Supplied information:
*** Block opens ***
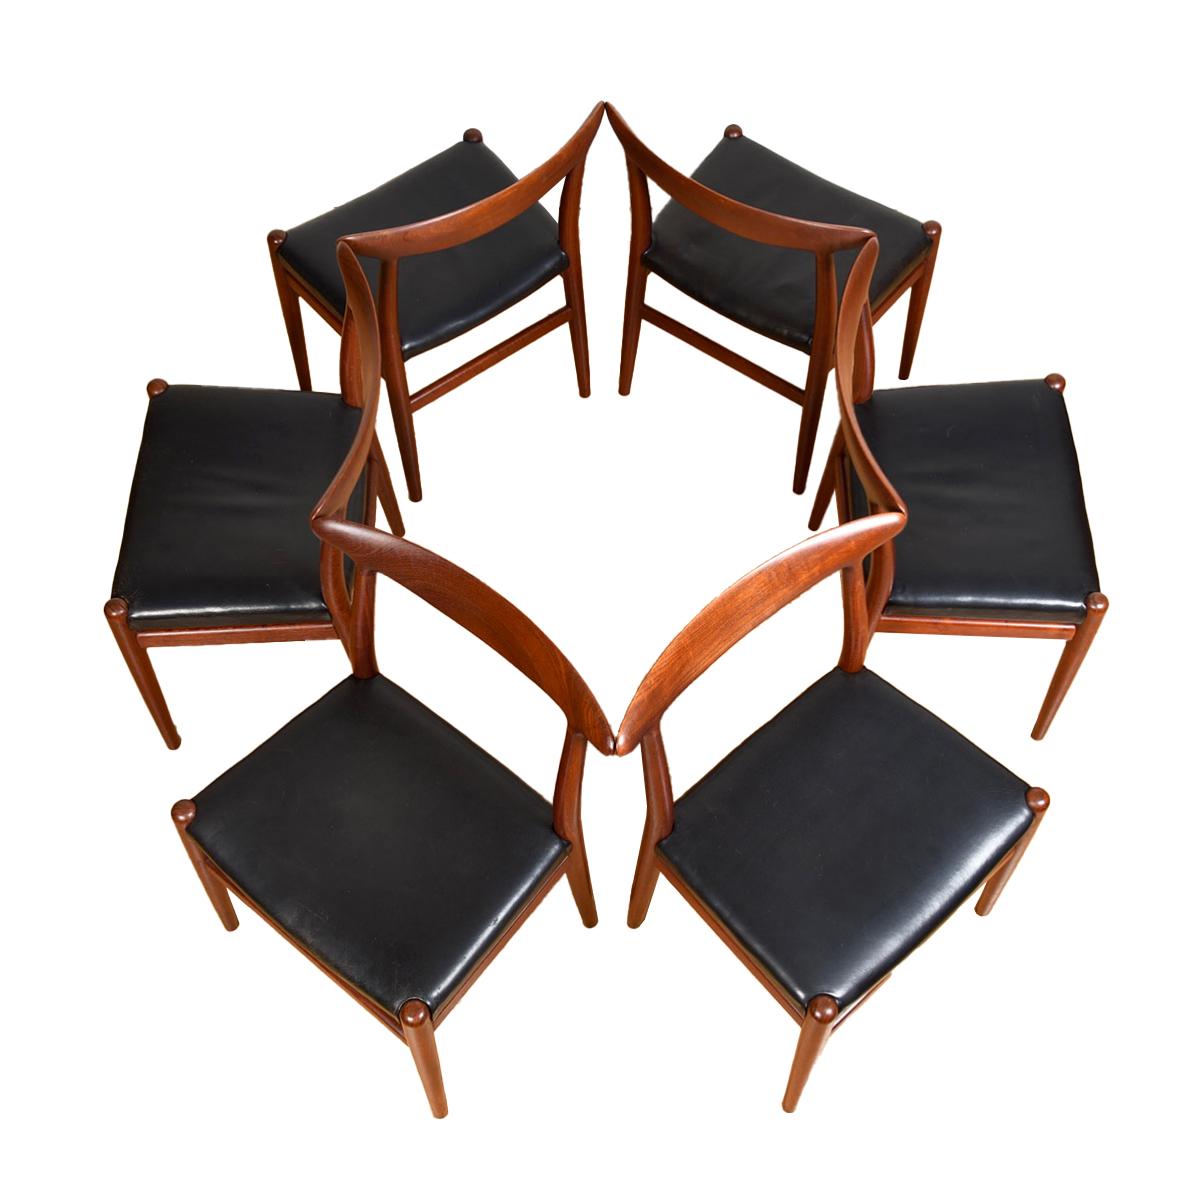 Solid teak sculpted backrests define these chairs — in stunning vintage condition.
Original black leather broken-in just right to pair perfectly with the teak’s deep-dark patina!
Designed by Hans Wegner, the iconic midcentury designer and father of
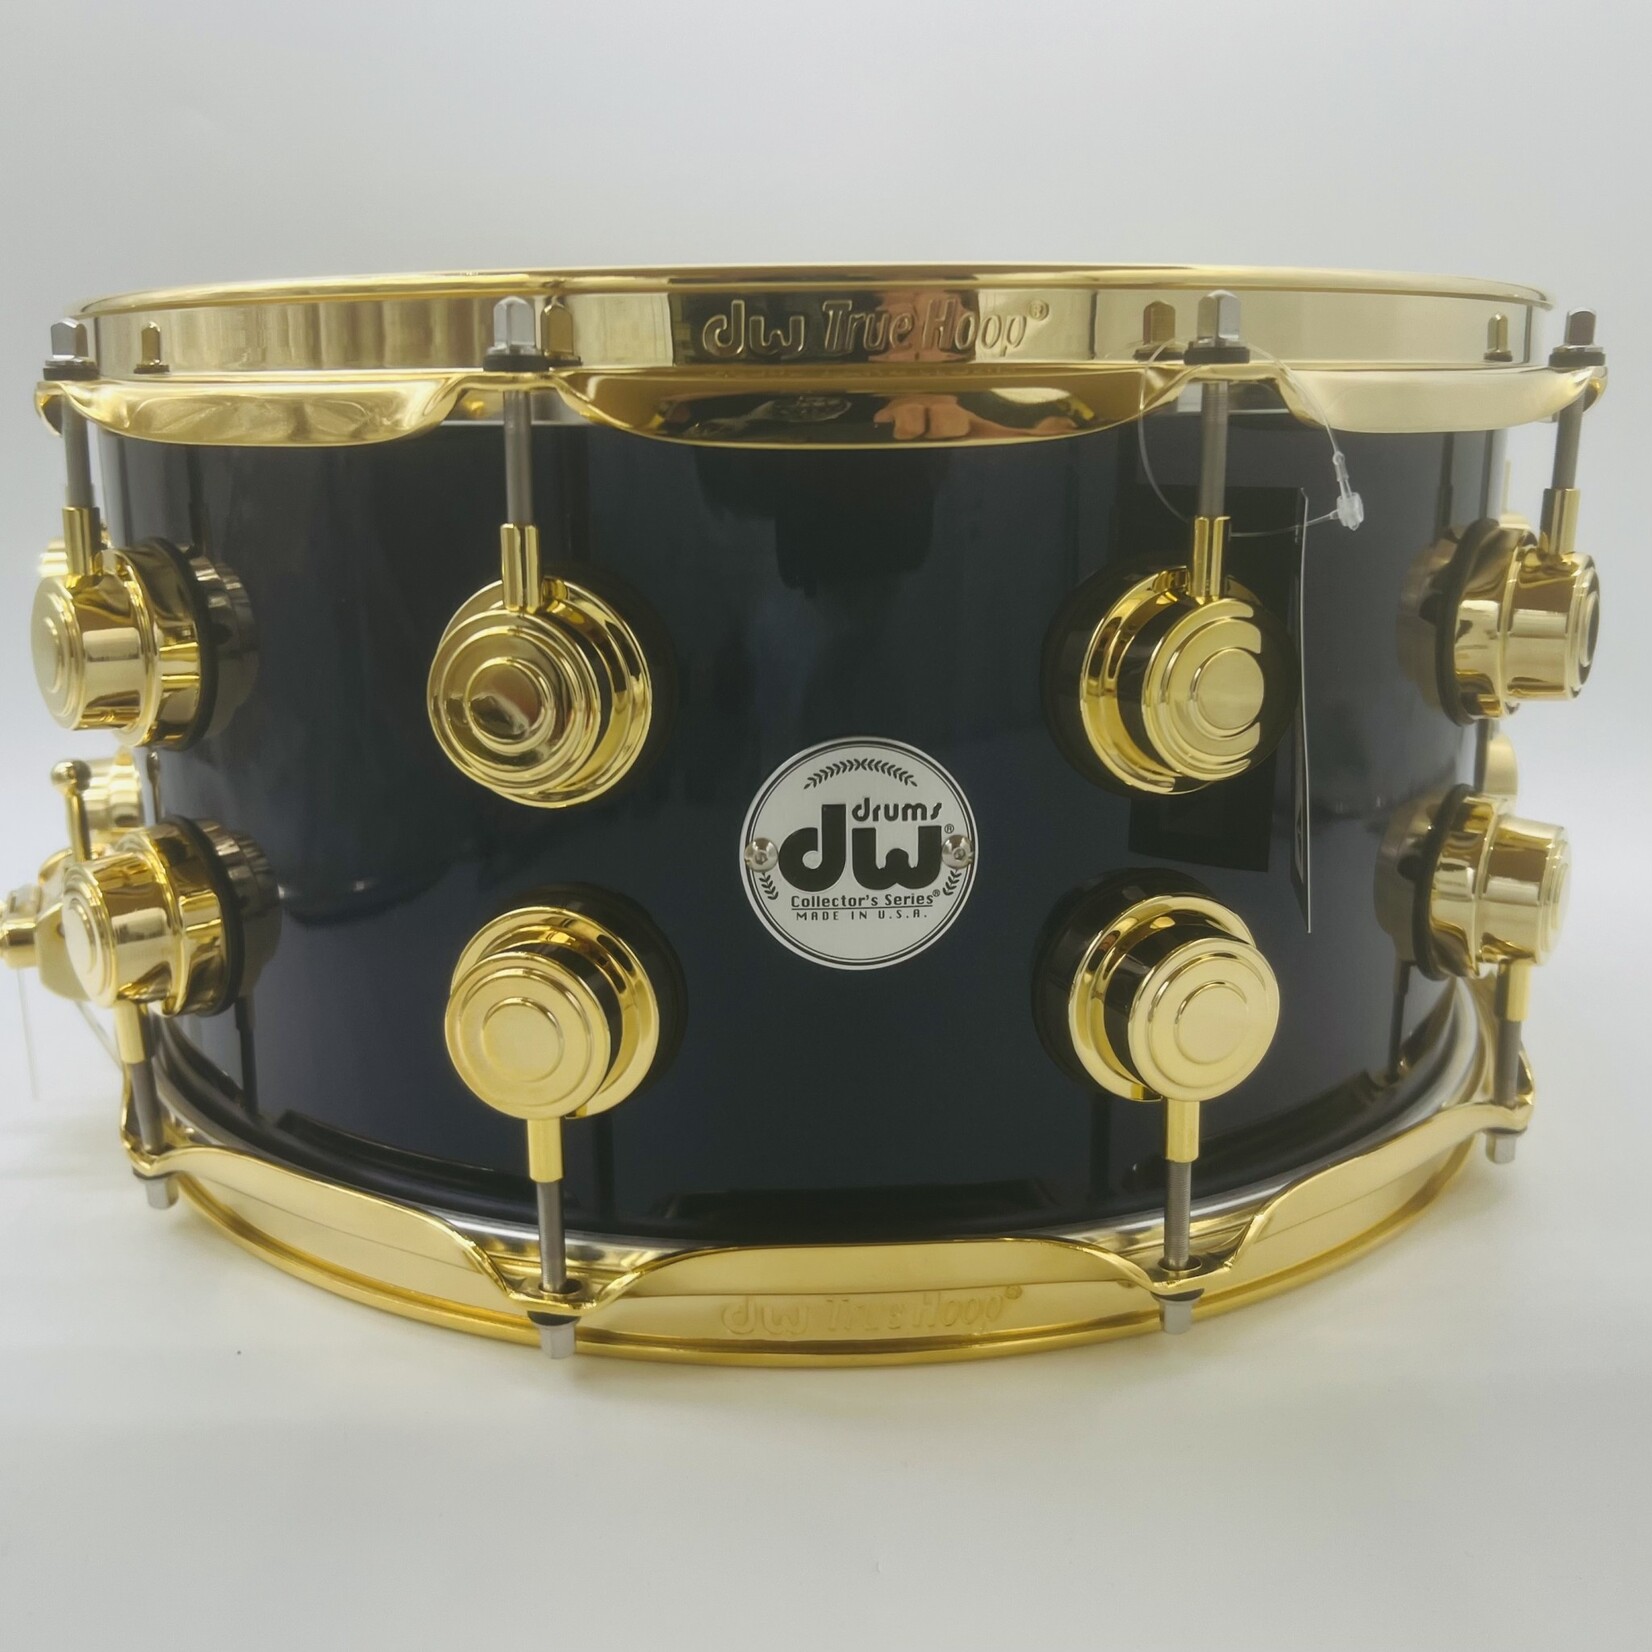 DW DW Collector's Series 7x14" Maple-Mahogany Snare Drum (Solid Black with Purple Pearl Sparkle Lacquer) with Gold Hardware
*** Block closes ***
Exercise description: Pictures are not part of the copy; transcribe the rest of the data verbatim.

Written answer:
 Solid teak sculpted backrests define these chairs — in stunning vintage condition.
Original black leather broken-in just right to pair perfectly with the teak’s deep-dark patina!
Designed by Hans Wegner, the iconic midcentury designer and father of
 DW DW Collector's Series 7x14" Maple-Mahogany Snare Drum (Solid Black with Purple Pearl Sparkle Lacquer) with Gold Hardware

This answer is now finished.